GAINESVILLE, Fla. — The board appointed by Gov. Ron DeSantis to oversee Walt Disney Co.’s central Florida theme parks on Wednesday moved closer to invalidating an agreement that gave the entertainment giant authority over its Florida properties.
Central Florida Tourism Oversight District Board of Supervisors, during a meeting in Lake Buena Vista, also announced a series of proposals that further the clash between the DeSantis administration and the California-based entertainment giant.
The board on Wednesday asked lawyers to prepare a move that would invalidate the agreement between the Central Florida board that had been controlled by Disney and the company. That agreement, quietly approved in February, gave Disney authority over its theme parks despite a new law that formed a new board controlled by the governor.
The DeSantis administration, however, learned about the agreement in March and then scrambled to respond.
David Thompson, the managing partner from Cooper & Kirk, a Washington, D.C. law firm hired by the newly-installed board, said Disney’s agreements giving it developmental power were not following state law, quoting that they were “illegal, and they will not stand.” Thompson then compared Disney to Scrooge McDuck.

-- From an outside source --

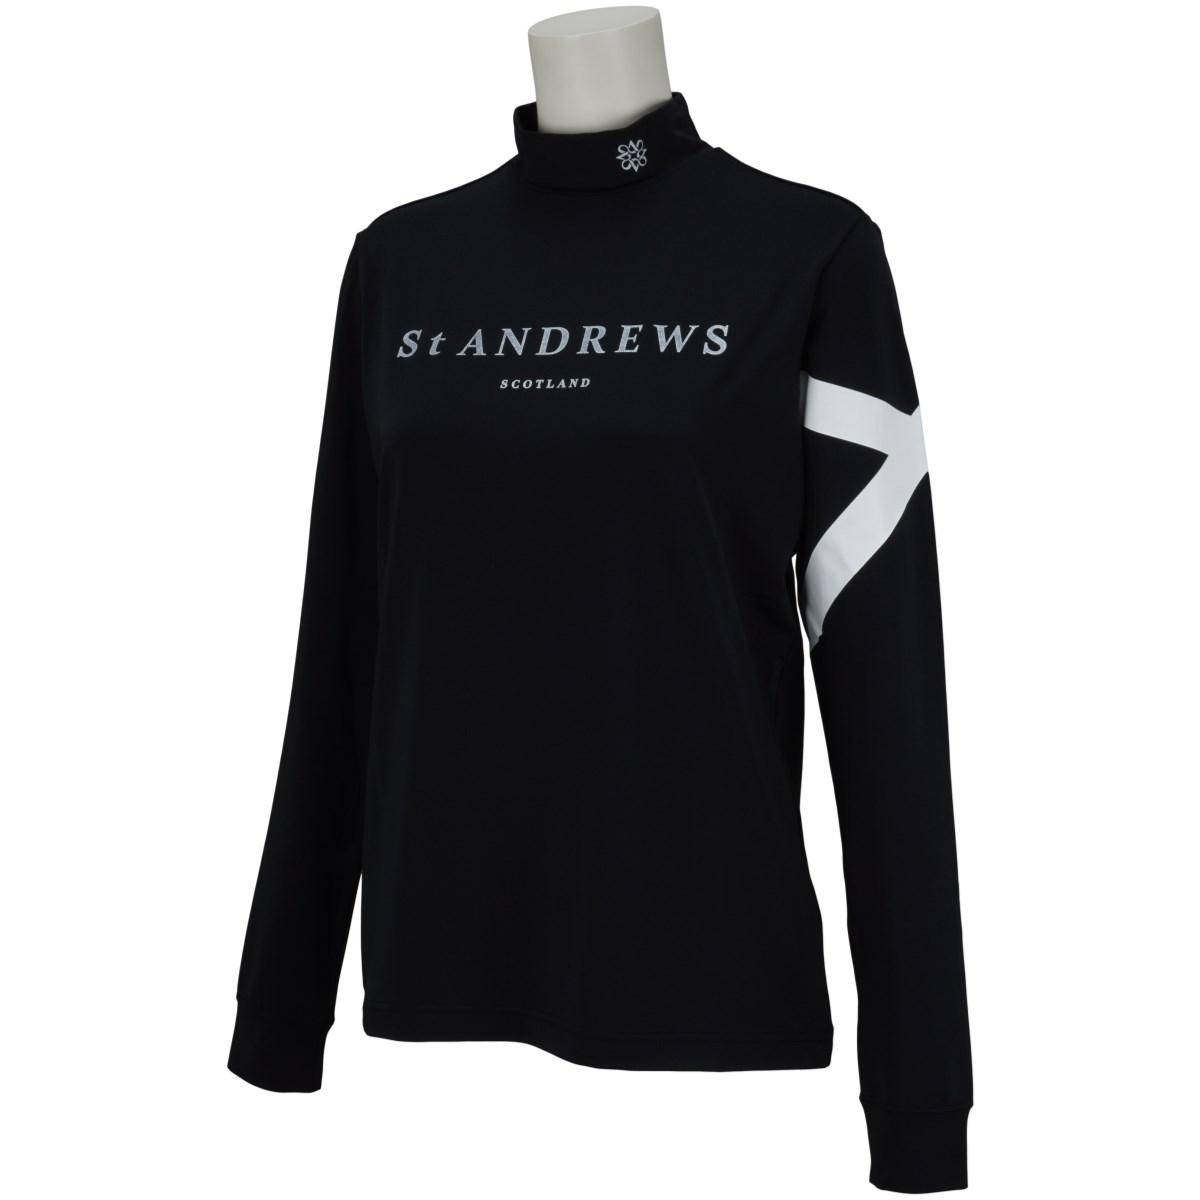 セント・アンドリュース St ANDREWS 長袖ハイネックインナーシャツ M ブラック 010 レディス

Thompson and Alan Lawson, former Supreme Court Justice, who was also hired by the board, said the district was in violation of the Florida constitution because it gave authority to a private company, and also did not establish procedures before accepting a new developmental agreement at a Feb. 8 meeting.
Disney did not immediately respond to a request for comment.
The fight against Disney and DeSantis began nearly a year ago after Disney opposed the Parental Rights in Education bill, dubbed as the “Don’t Say Gay,” that prohibits teachers from leading classroom discussions on gender identity and sexual identity in kindergarten through third grade.
DeSantis, who signed the bill into law in March, criticized Disney as a “woke” corporation and pushed the GOP-controlled Legislature to strip the company of much of its authority over the Reedy Creek Improvement District, which allowed Disney to operate its own local government.
The board will meet again on April 26, where staff has been asked to make a resolution voiding the agreements.